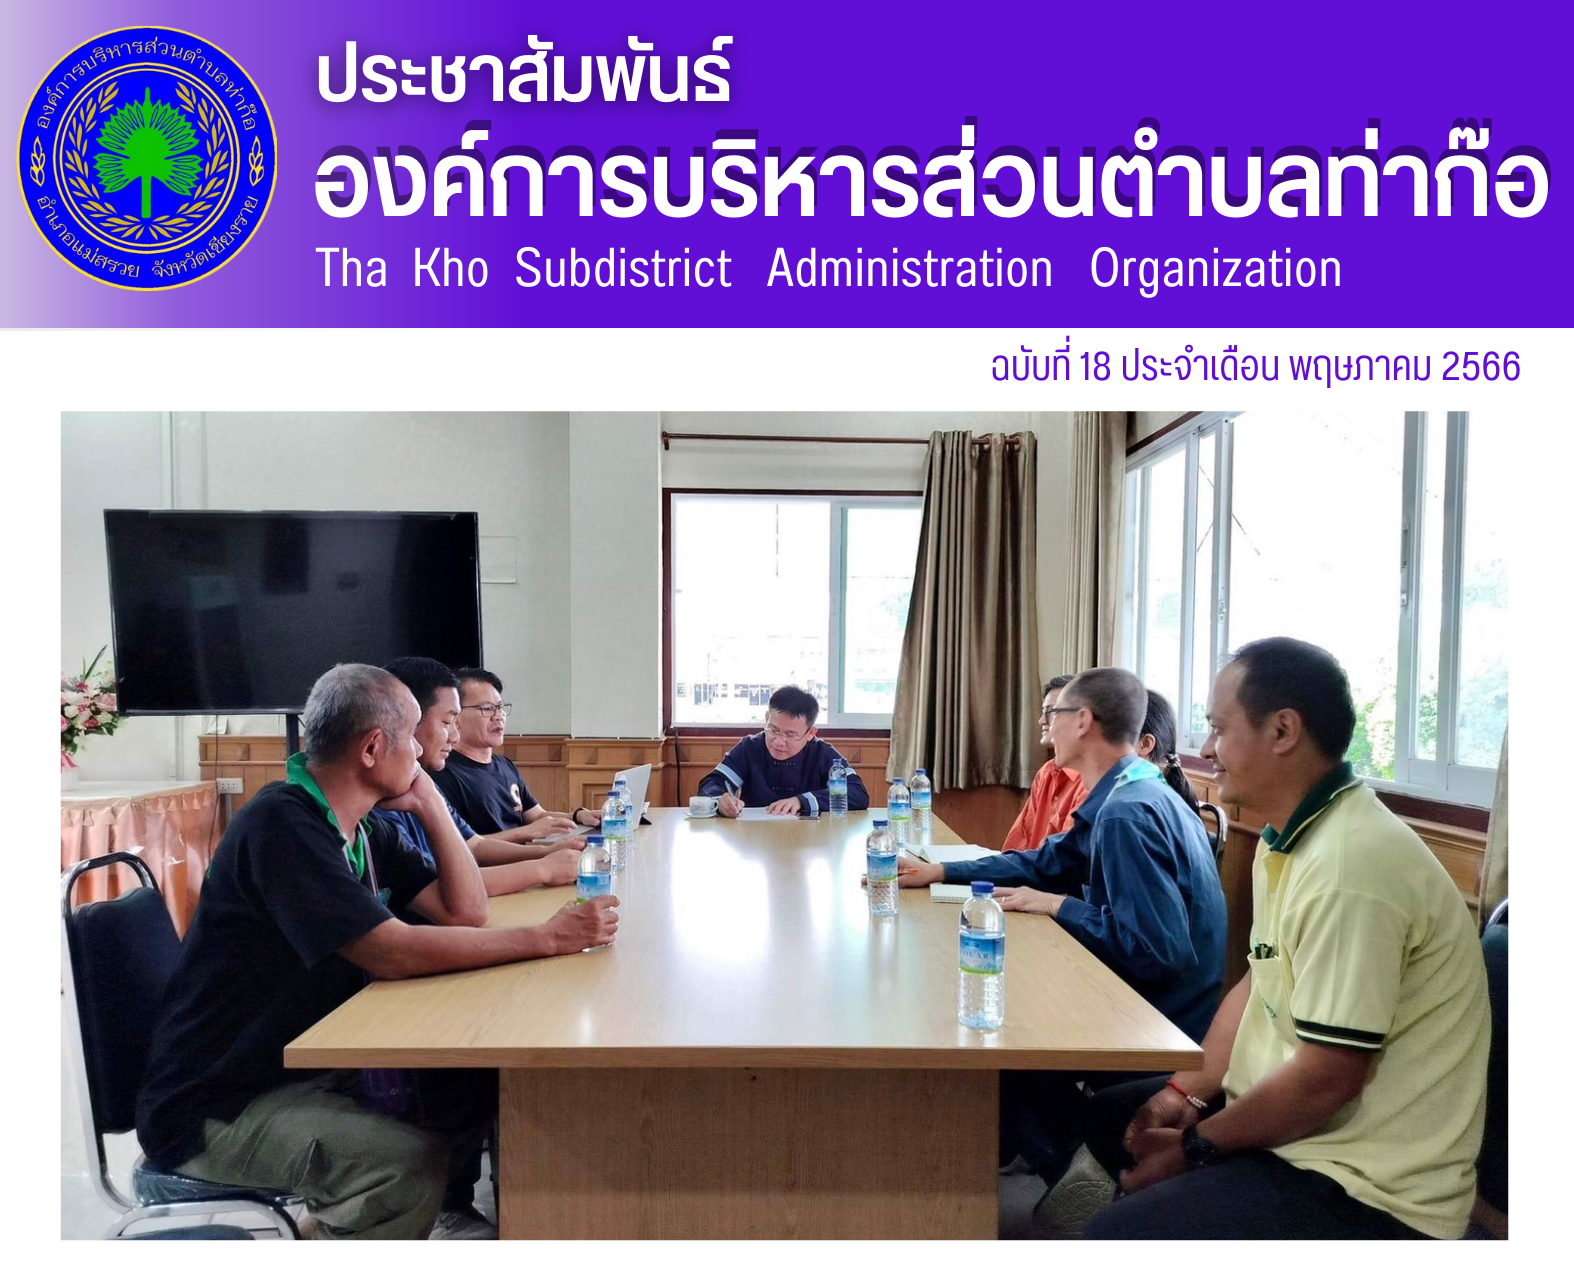 องค์การบริหารส่วนตำบลท่าก๊อ นำโดย นายสันติกุล จือปา รองนายกฯ เข้าร่วมประชุมหารือ ร่วมกับนายอุดม ปกป้องบวรกุล นายอำเภอแม่สรวย มูลนิธิรักษ์ไทย และสมาคมอิมเปค
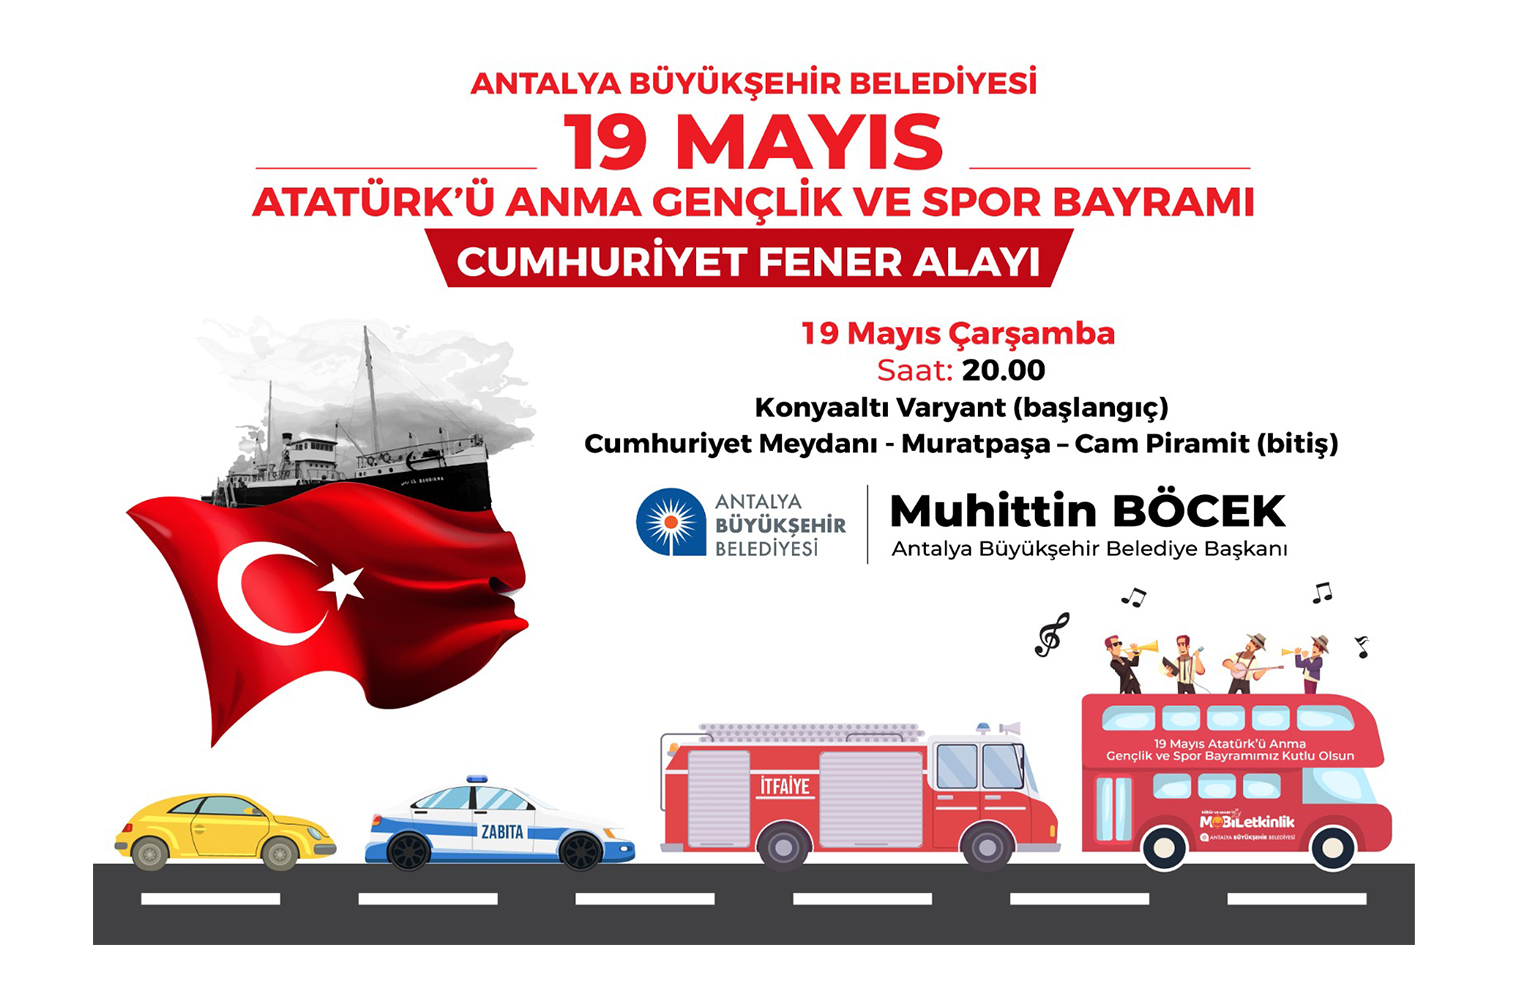  Antalya’da 19 Mayısa Özel Fener Alayı Düzenleniyor
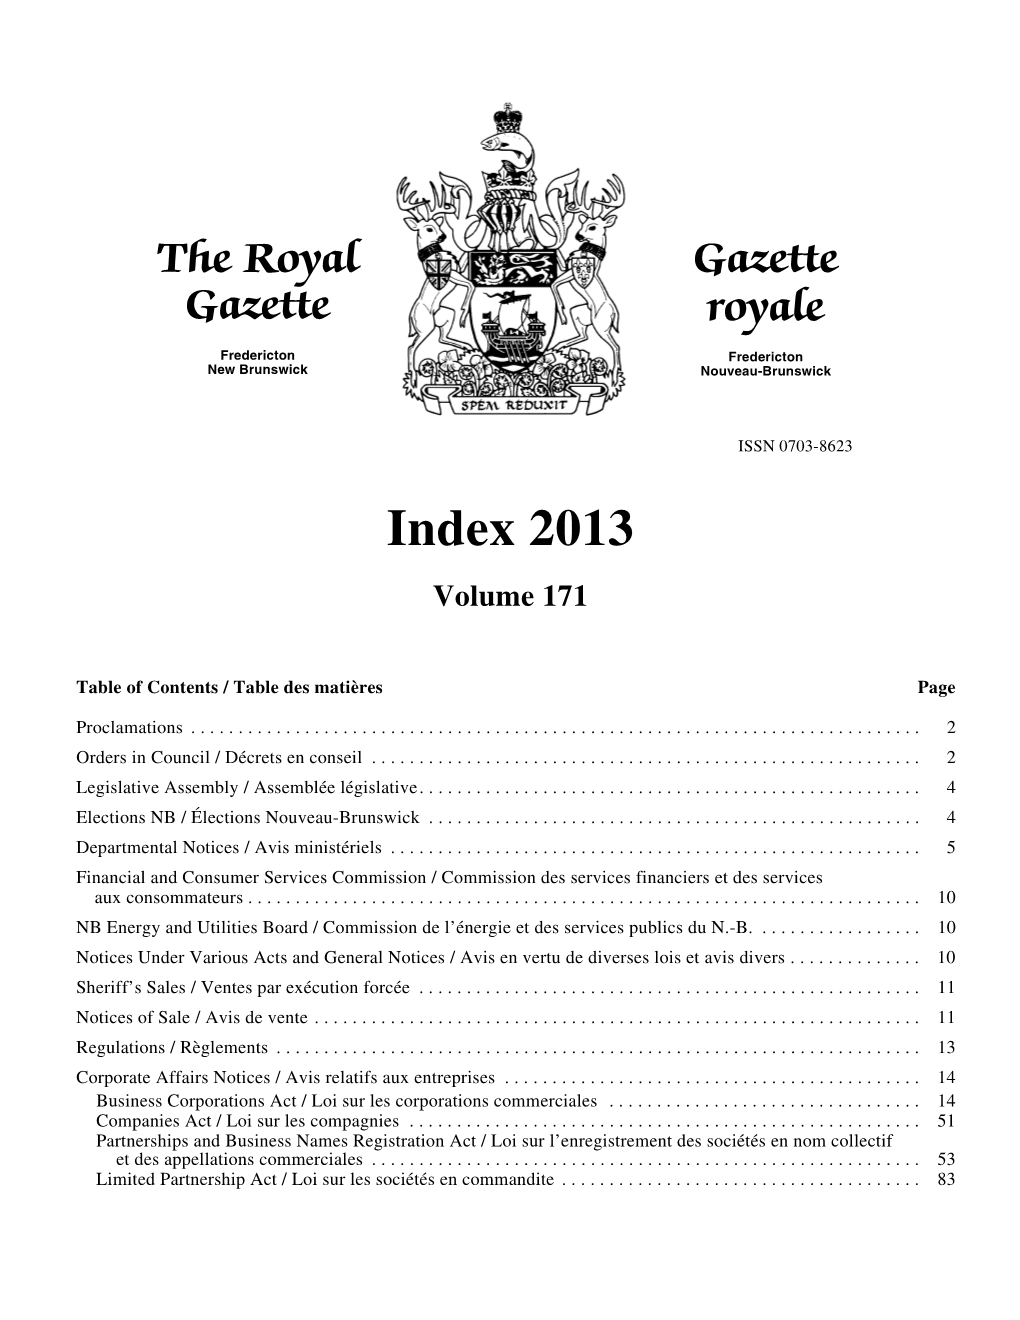 Index 2013 Volume 171
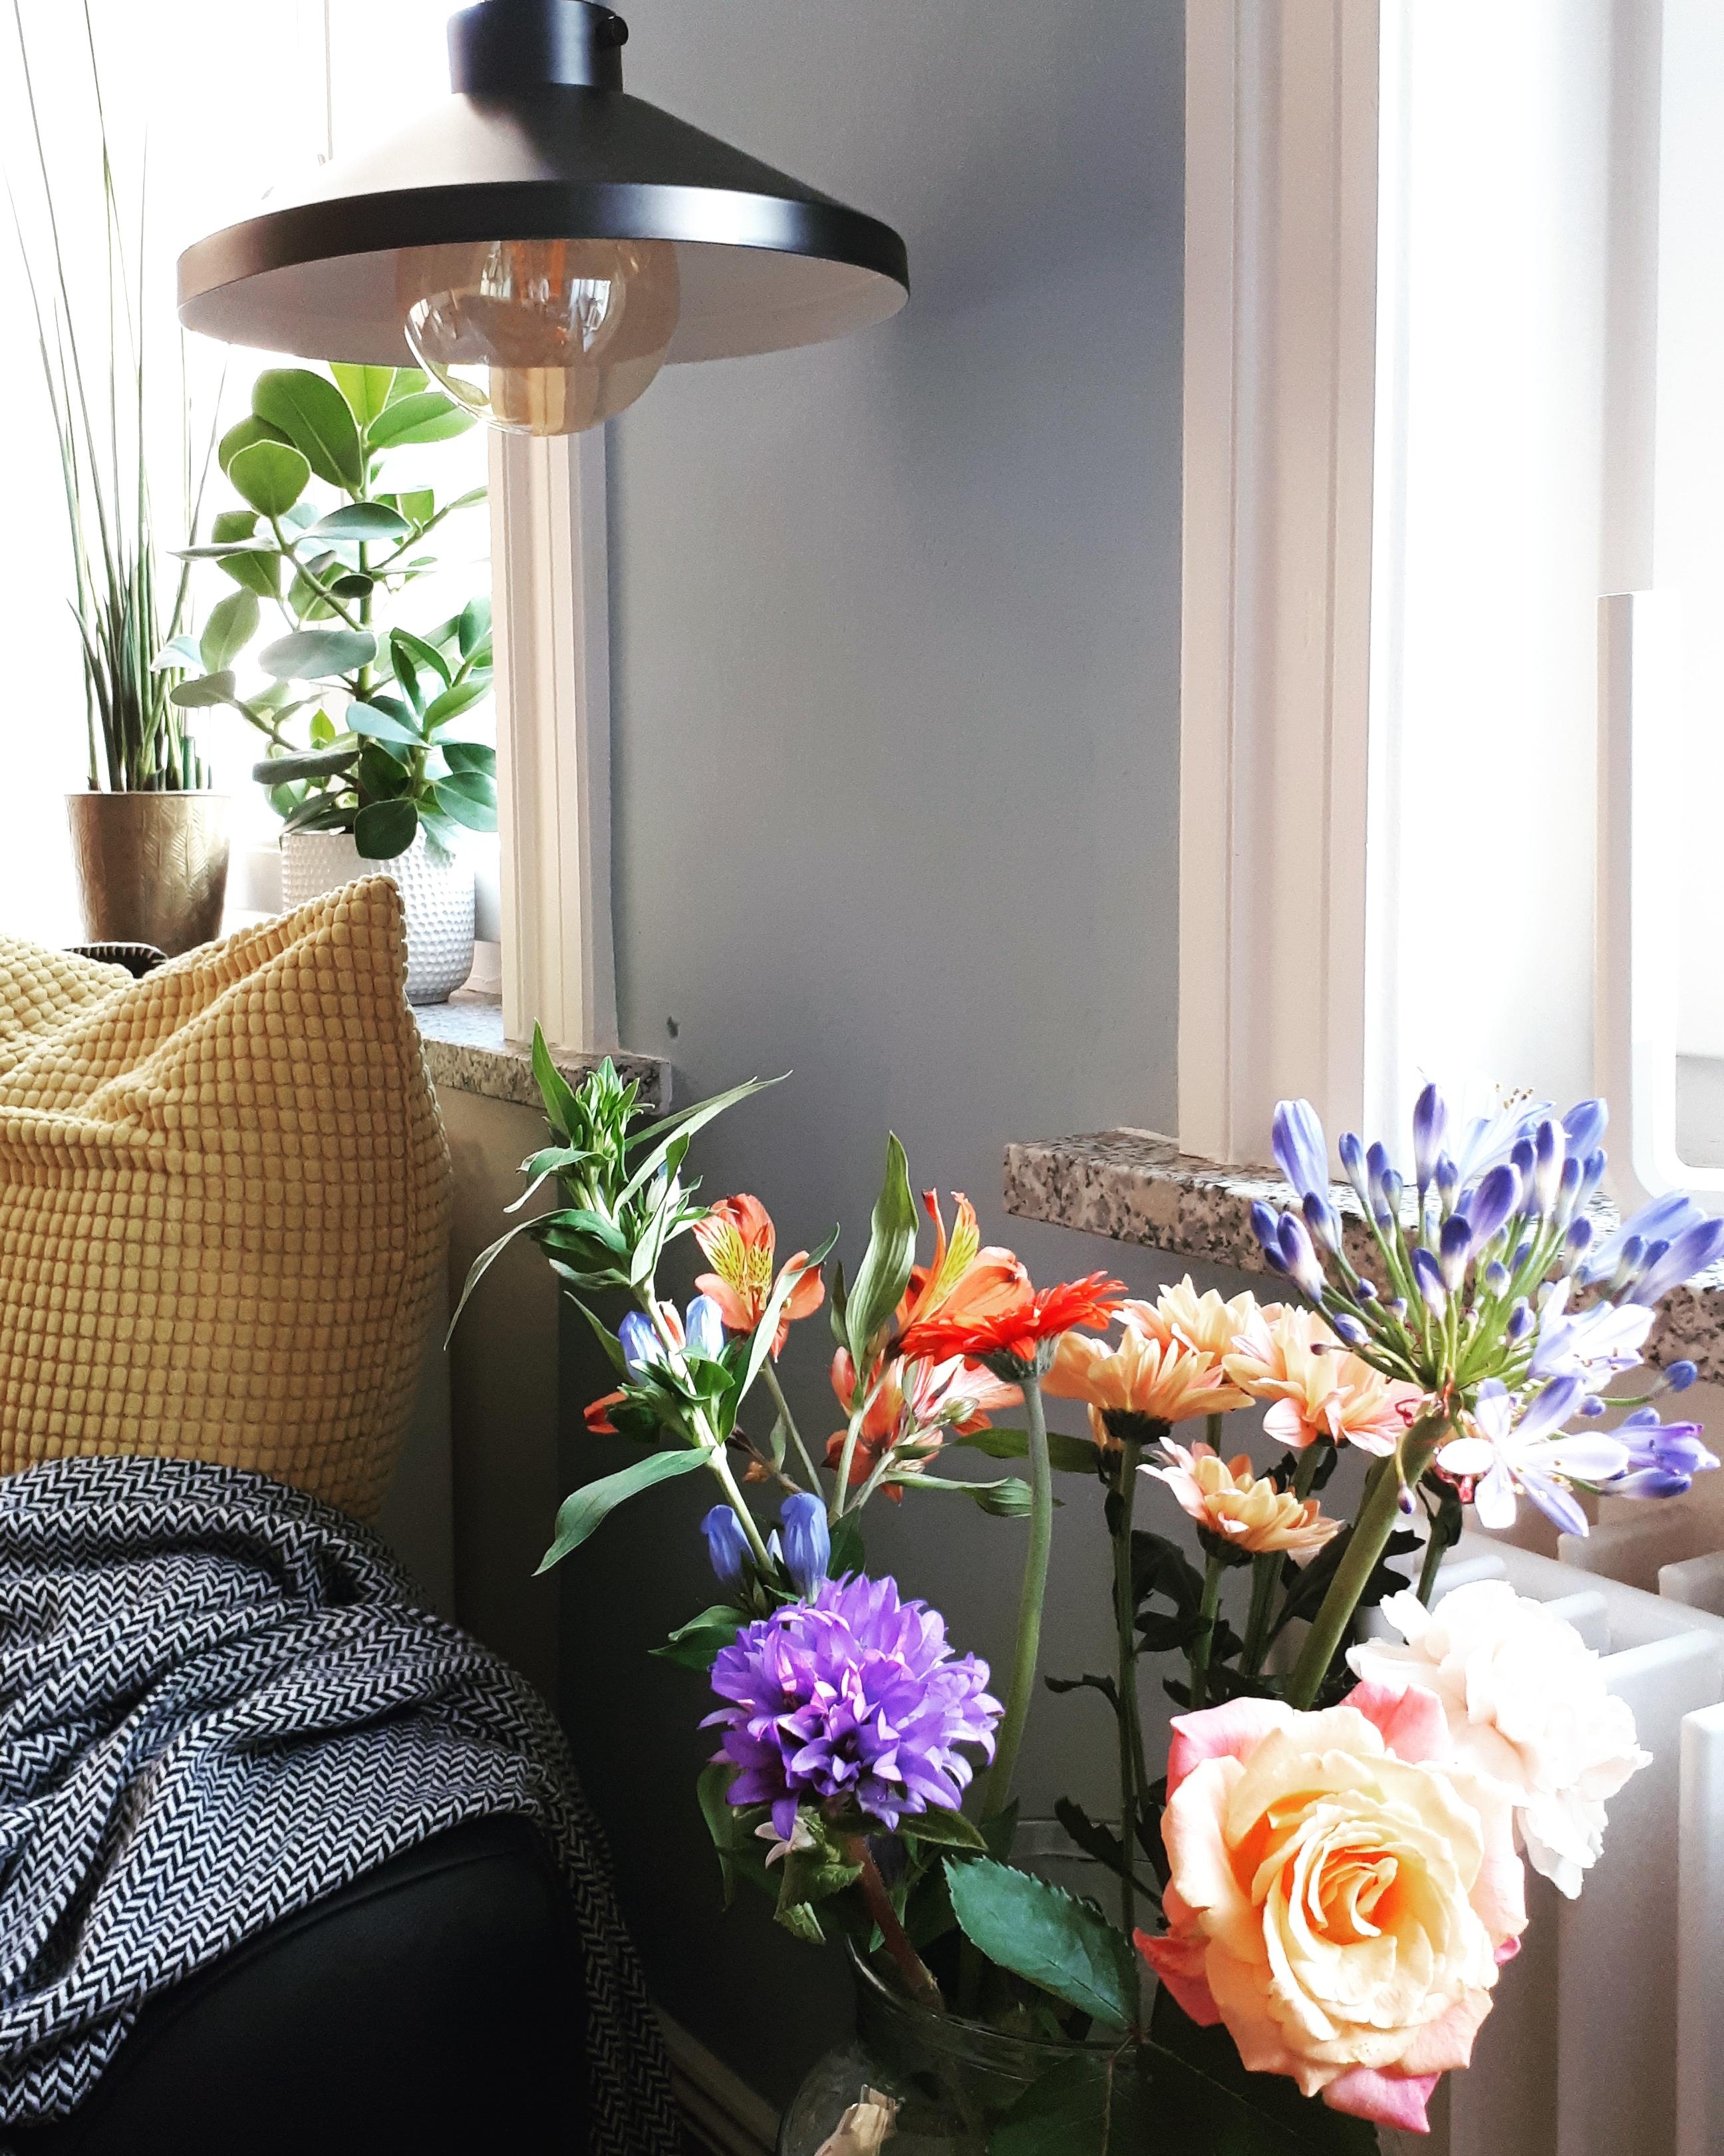 Sommerlich im Wohnzimmer! #bunt #blumen #altbau #couch #blauewand

+ + + + + + +

What the exercise asks:
Copy exactly the lines that run from the line containing "Index 2013 Volume 171" to the end of the data, keeping both end lines and dropping every picture.

Result of the task:
 Index 2013 Volume 171
 Sommerlich im Wohnzimmer! #bunt #blumen #altbau #couch #blauewand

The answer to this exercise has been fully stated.